2. Raw Configurability
Anki lets you write Python add-ons, custom HTML card templates, and CSS. It’s an open sandbox. Affex ships with a polished default experience and a growing add-on system—but if you want to spend 10 hours building a custom card layout from raw HTML, Anki is your tool.
💡 Frequently Asked Questions
Is Affex a good alternative to Anki?
Yes—specifically for users who want modern UI, built-in gamification, and a Pomodoro timer without configuring dozens of add-ons. If you’re looking for more ways to use these tools, check out our guide on 11 practical ways to use spaced repetition. The SRS algorithm is production-grade and works well from day one.
Can I import my Anki decks into Affex?
Yes. Affex’s native Rust-powered .apkg importer preserves card content, media files, note types, and formatting. Drop your deck in and start reviewing in under a minute.

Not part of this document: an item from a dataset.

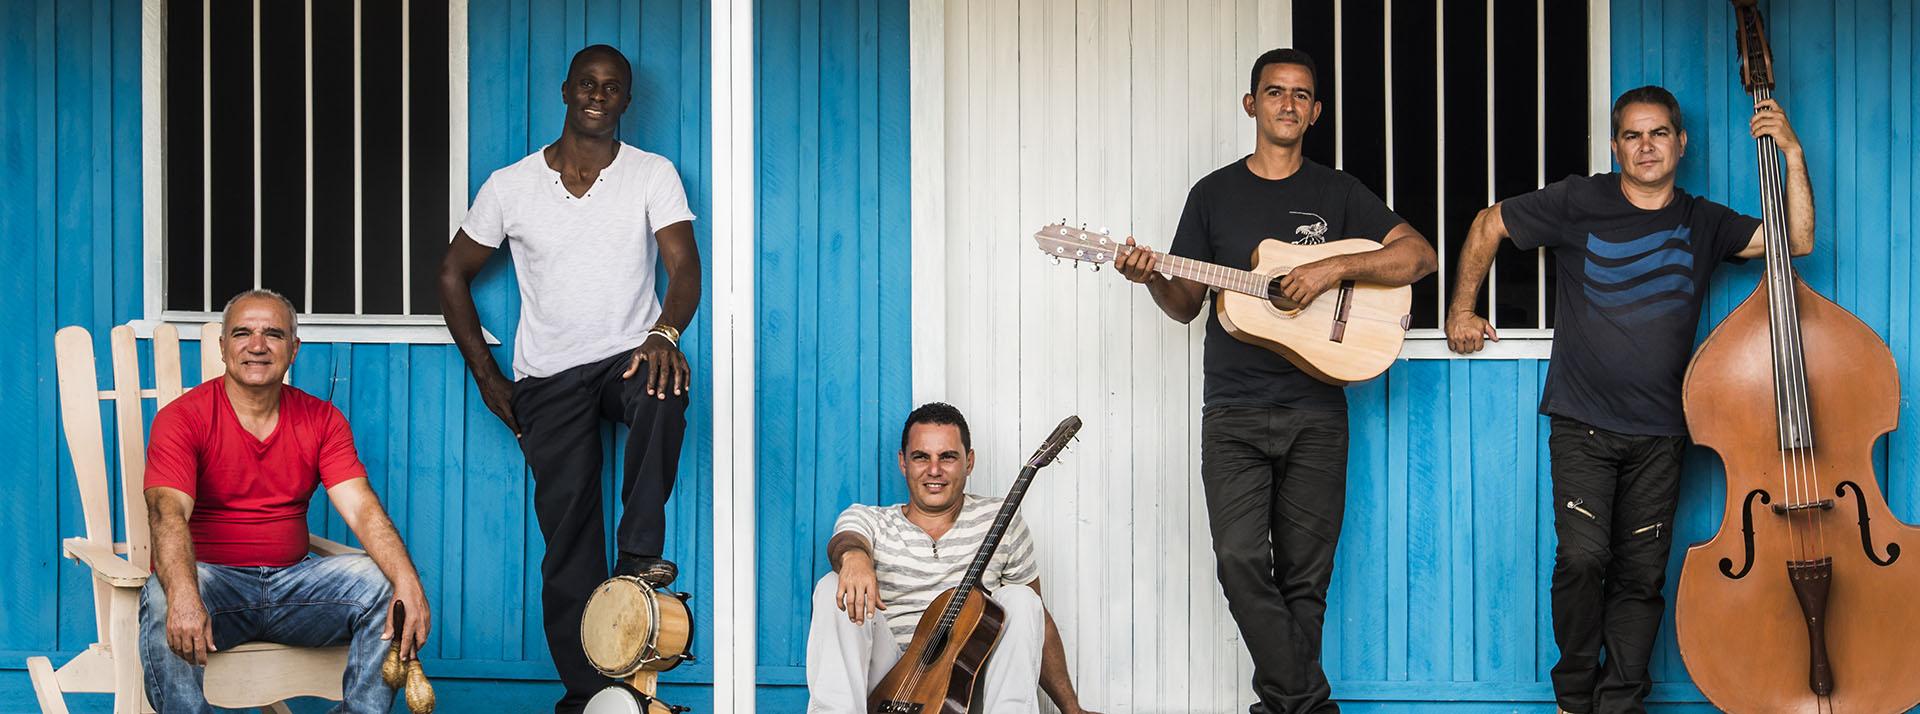 Die Band Guacachason

Which app is better for Medical Students?
Historically Anki, because of the AnKing deck community. But Affex imports any .apkg natively—including AnKing—adds Pomodoro sessions for marathon study blocks, and lets you study alongside classmates in shared Classrooms. The gap is closing fast.
Is Affex cross-platform?
Yes, and unlike Anki it doesn’t charge $25 for iOS. Affex runs natively on Windows, macOS, Linux, iOS, and Android—all free.
🏁 Verdict
Choose Anki if: You write custom HTML templates, need FSRS with manual parameter tuning, and rely exclusively on the AnKing deck community and its update workflow.
Choose Affex if: You want a fast, modern app that does everything Anki does—plus courses, Pomodoro timers, and real-time sync—without paying for iOS or spending a weekend configuring add-ons.
Is Affex a good alternative to Anki?
Yes. In 2026, Affex is widely considered the best modern alternative to Anki, especially for users who value a beautiful interface, gamification, and integrated productivity tools like Pomodoro timers.
Can I import my Anki decks into Affex?
Absolutely. Transitioning to Affex is designed to be frictionless. Thanks to our native Rust-powered importer, you can migrate ANY existing Anki .apkg file directly into Affex.
Which app is better for Medical Students?
While Anki has historical dominance, medical students are increasingly migrating to Affex to reduce visual fatigue, utilize built-in Pomodoro sessions, and track progress alongside cohorts.
Is Affex cross-platform?
Yes! And unlike Anki which charges around $25 for its iOS app, Affex is 100% FREE across all platforms.